Onavo Extend lets you get more out of your data plan, so you can do more web browsing and apps, consume more music, video and photos on 3G without breaking your data cap.

After you install Onavo Extend you can go back to using your phone or tablet as before. In the background, data usage from all apps and web browsing is compressed so that you do more with your Android's mobile data month after month. And, if you travel abroad with your phone, the money you save could be substantial.

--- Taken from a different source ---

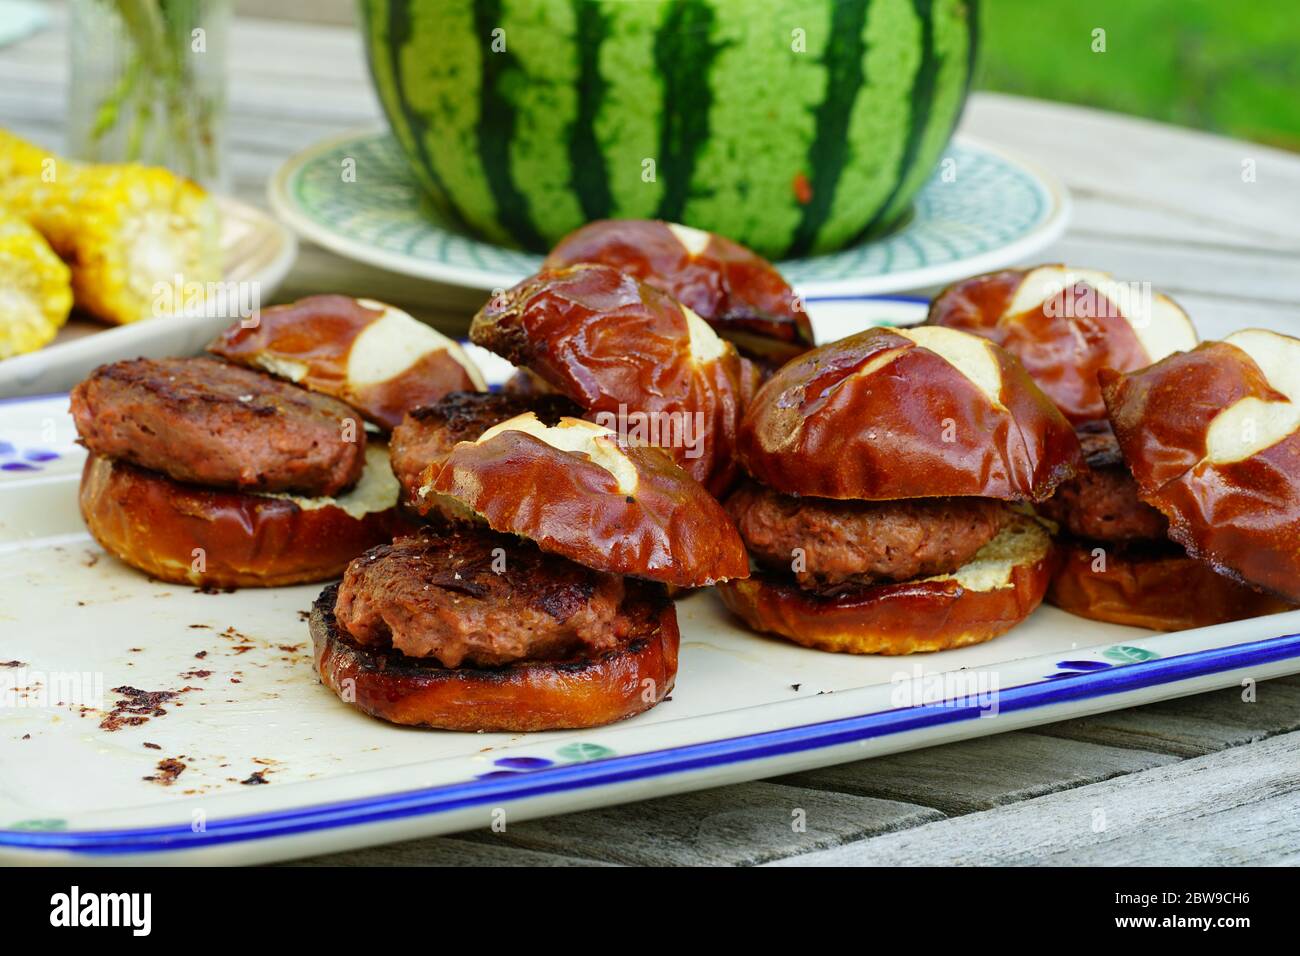 Hamburger di vegan alla griglia preparati con proteine a base di piante oltre la carne Foto Stock
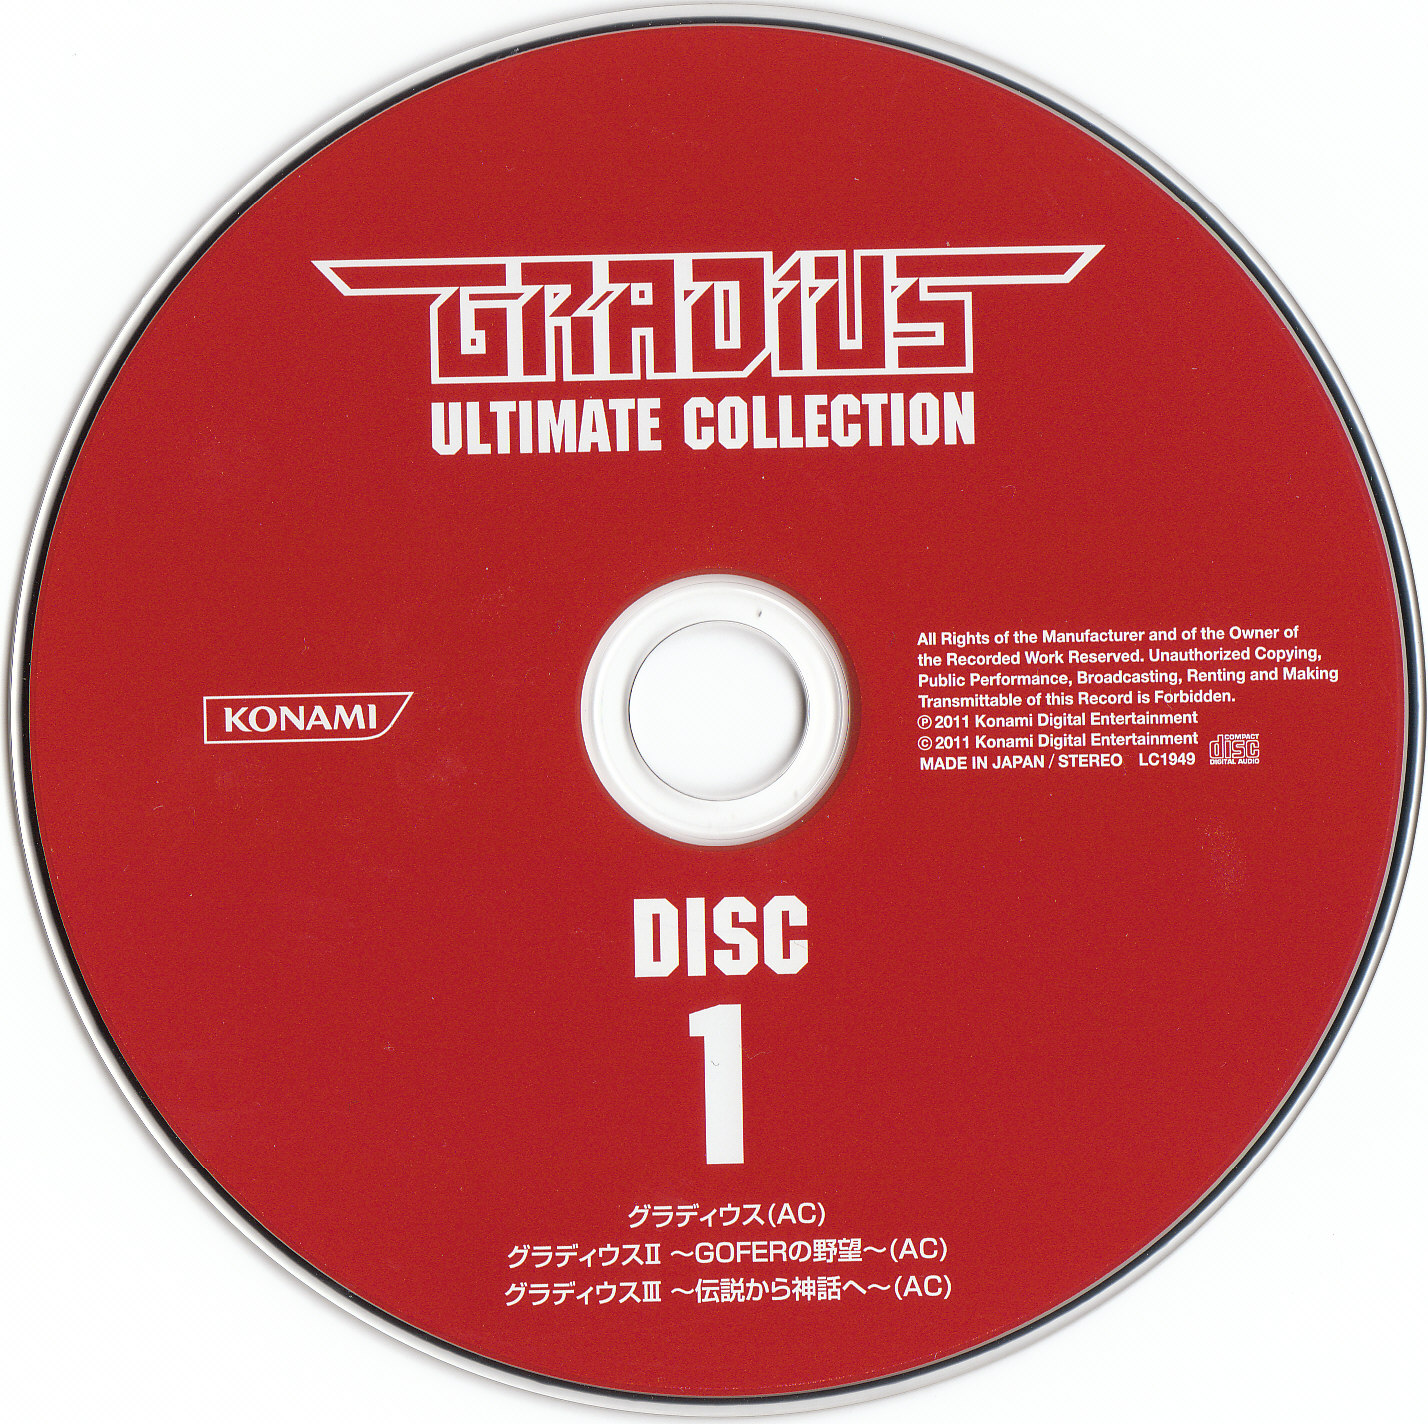 【即納大人気】CD GRADIUS ULTIMATE COLLECTION コナミ 送料無料 ゲーム一般

IF YOU'VE INSTALLED A CUSTOM ROM:
Some ROMs and kernels are missing important networking support that Android 4.0 APIs, and Onavo Extend, rely on.
If you've received a message saying your version of Android is unsupported, or if the application always says "service paused", please contact us via the "Feedback" menu item so we can help.
Trying a different ROM or kernel should help as well

Be sure to post your results, and what ROM you are using!

This is confirmed working on AOKP!


----------



## yarly (Jun 22, 2011)

Moved to general.


----------



## blaineevans (Jul 11, 2011)

Interesting.

Sent from my Galaxy Nexus using Tapatalk 2


----------



## bencozzy (Dec 26, 2011)

Vpn missing team gummy 1.2 rom and glados v1.34 kernel


----------



## masri1987 (Jun 29, 2011)

yeah my boy told me about this, but i have unlimited, so when they force me off of it i'll try this out 
It works on his GSM Galaxy Nexus just fine btw


----------



## T-Keith (Oct 15, 2011)

Sounds cool, I'm guessing it's compressing the data, but that's a lot of computing and bandwidth for them. How do they pay for it?

Sent from my Galaxy Nexus using RootzWiki


----------



## Dakota0206 (Oct 16, 2011)

the app uses Amazons compression tool like the opera browser does.

Sent from my Galaxy Nexus


----------